▶ Collected data
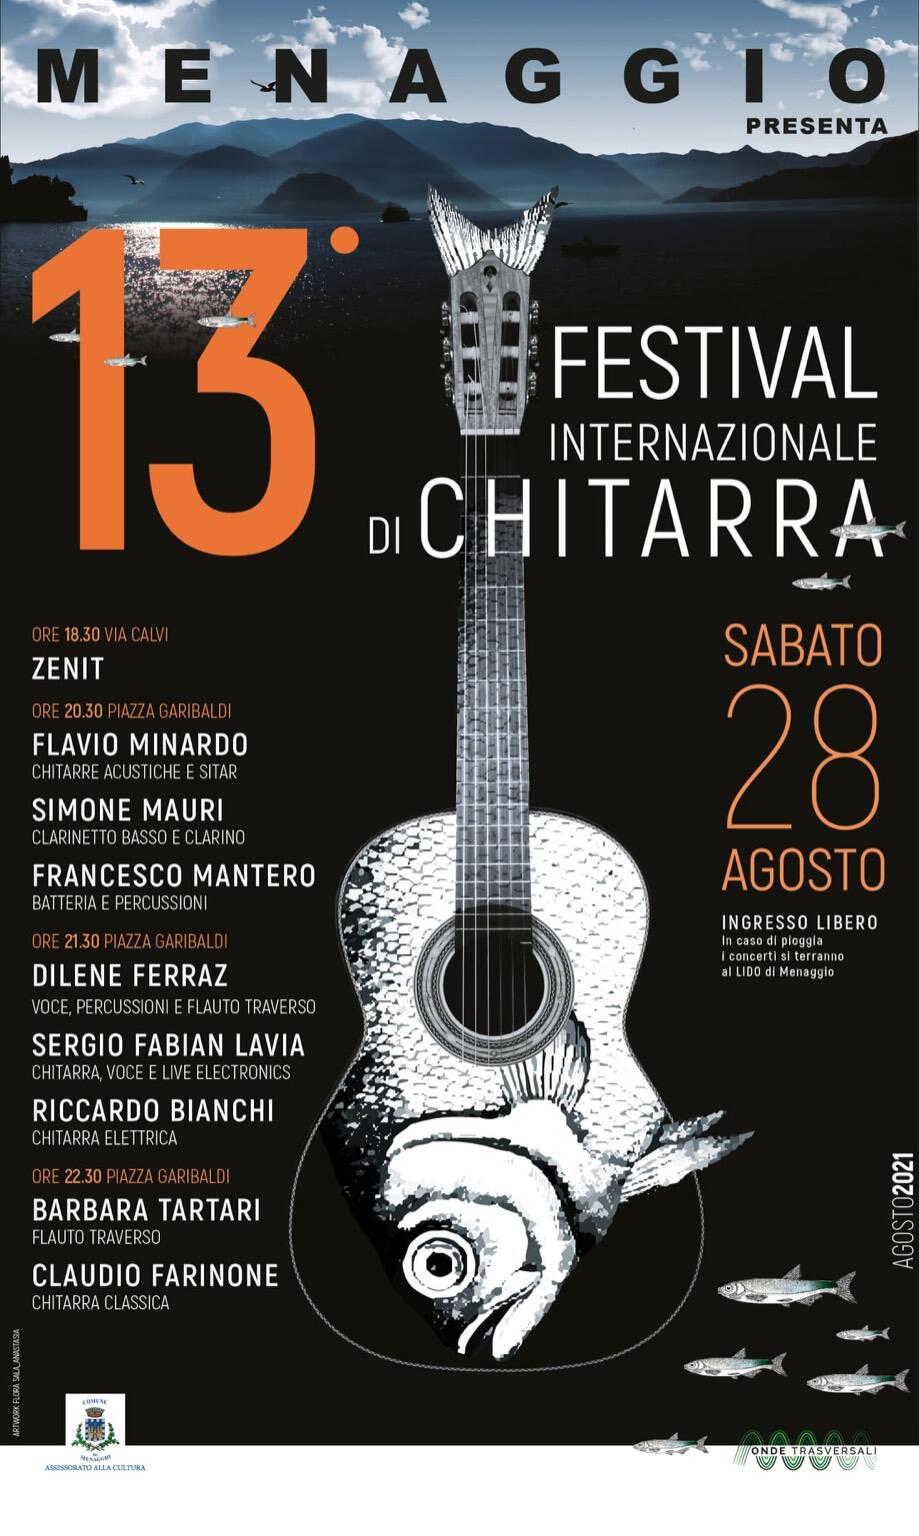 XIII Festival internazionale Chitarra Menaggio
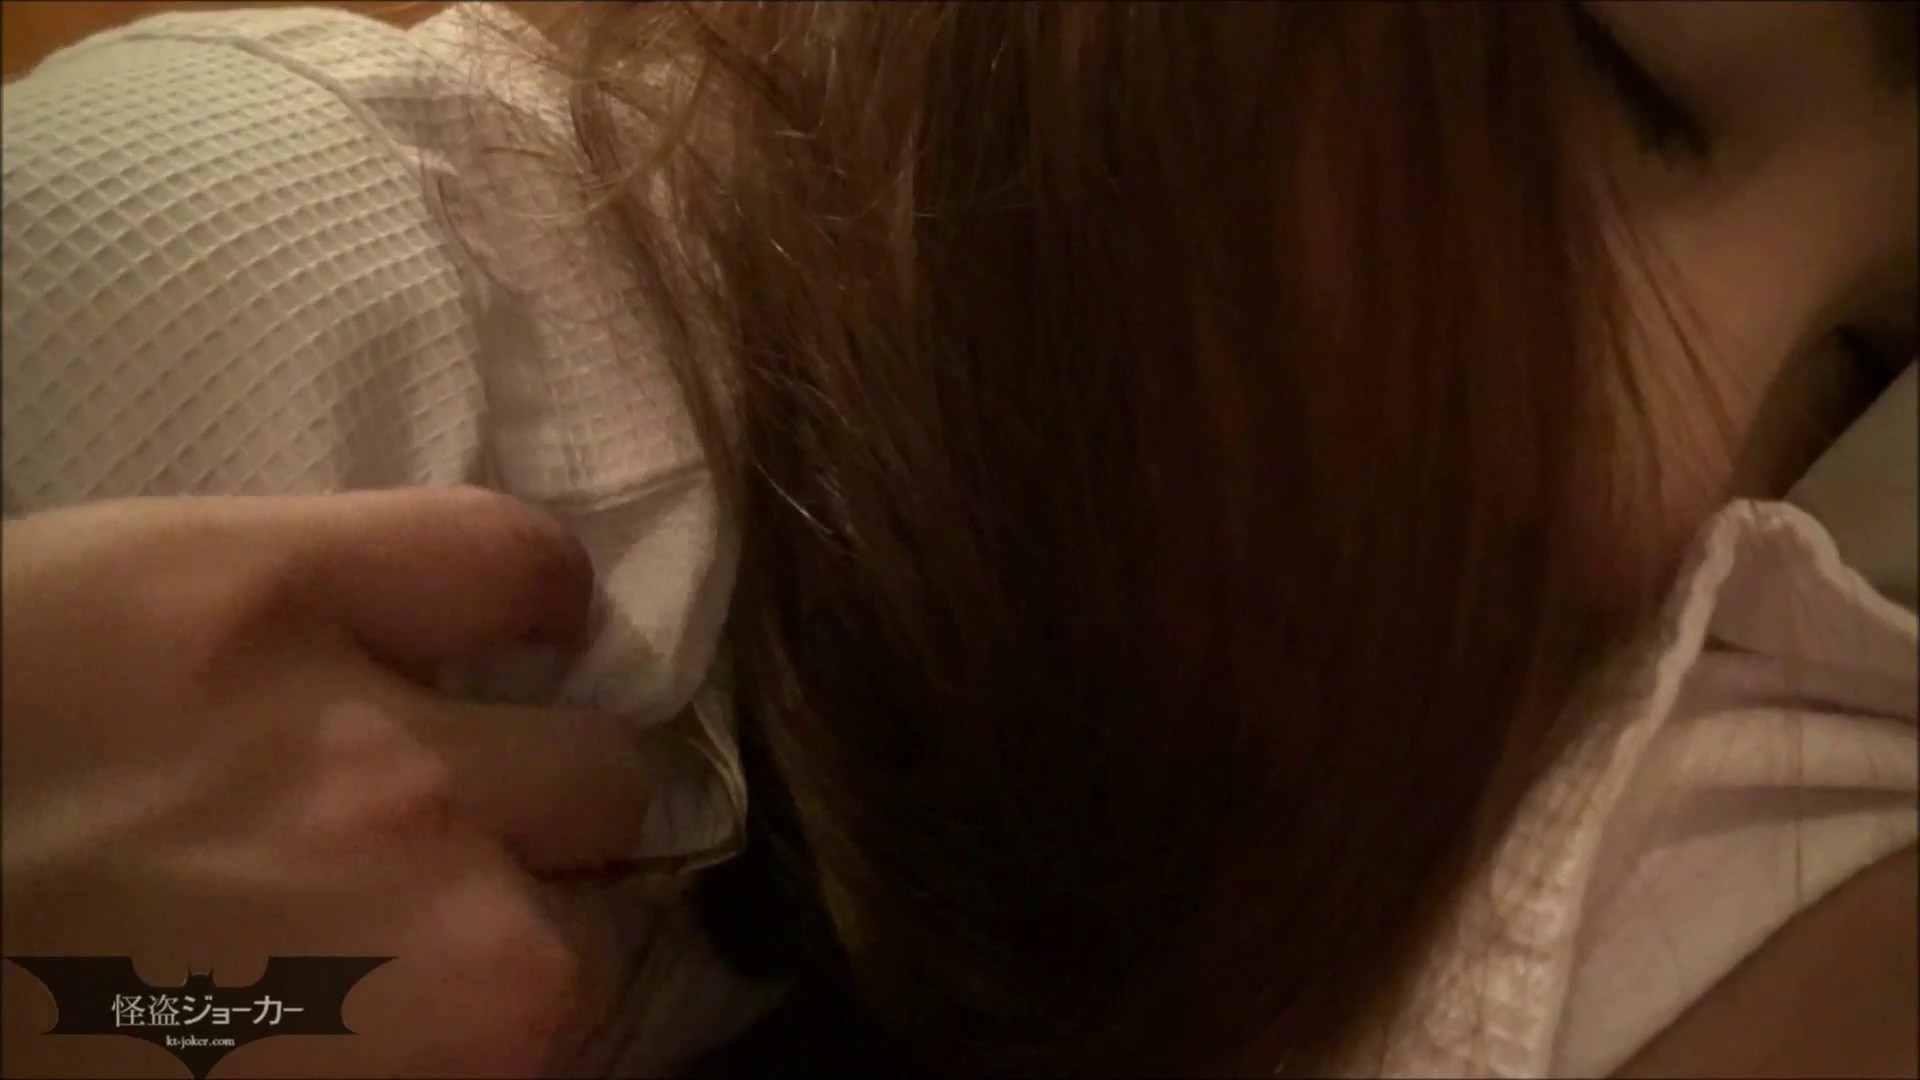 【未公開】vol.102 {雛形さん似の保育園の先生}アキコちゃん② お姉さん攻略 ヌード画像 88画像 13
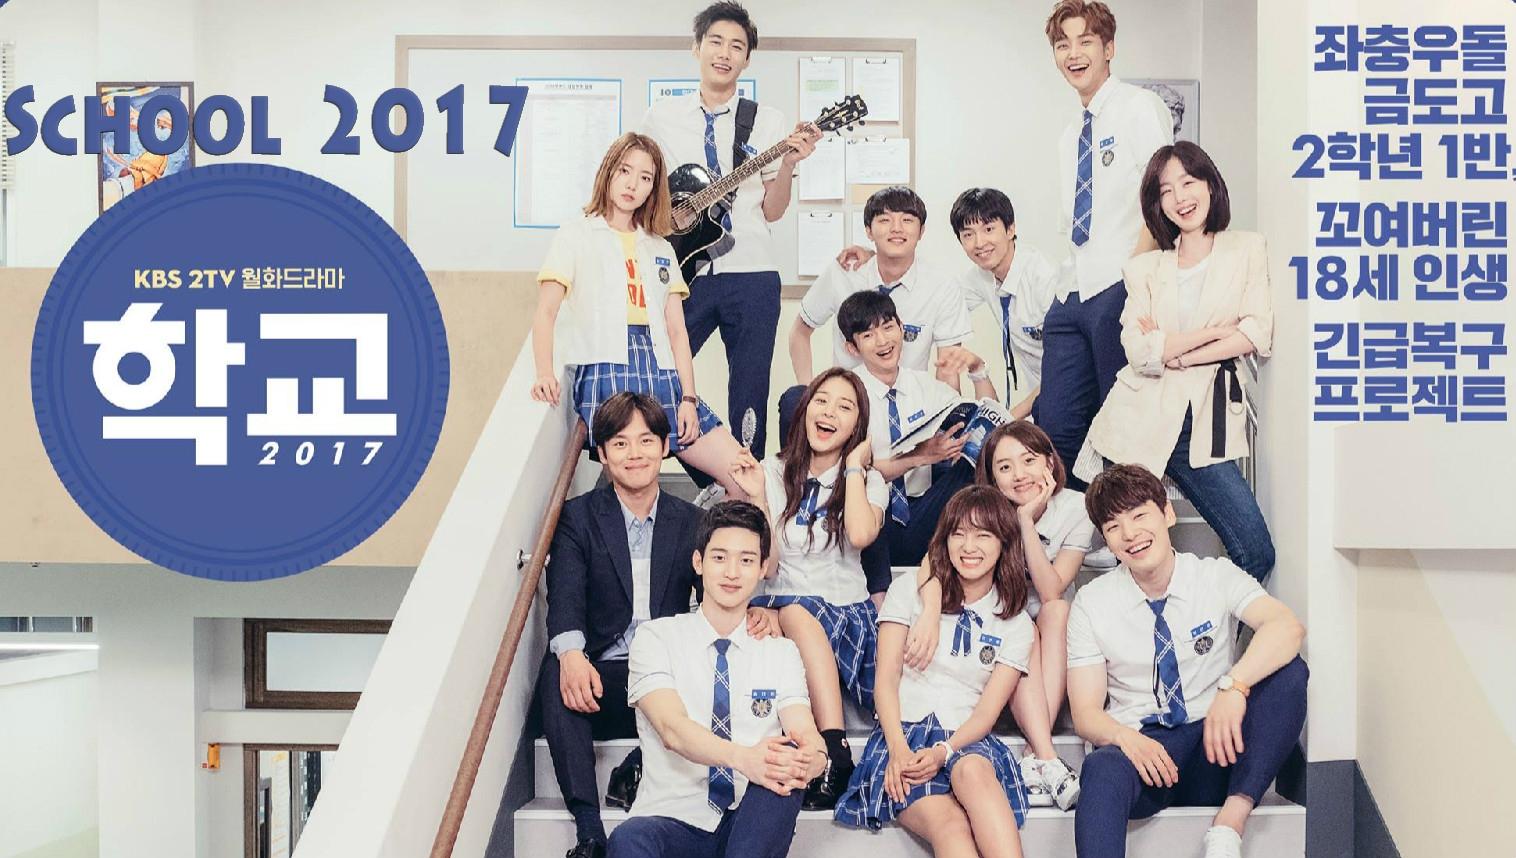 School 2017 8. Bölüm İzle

▶ How to complete this task
Could the data above be reproduced exactly, with the pictures left out?

▶ Solution to this problem
 XIII Festival internazionale Chitarra Menaggio
 【未公開】vol.102 {雛形さん似の保育園の先生}アキコちゃん② お姉さん攻略 ヌード画像 88画像 13
 School 2017 8. Bölüm İzle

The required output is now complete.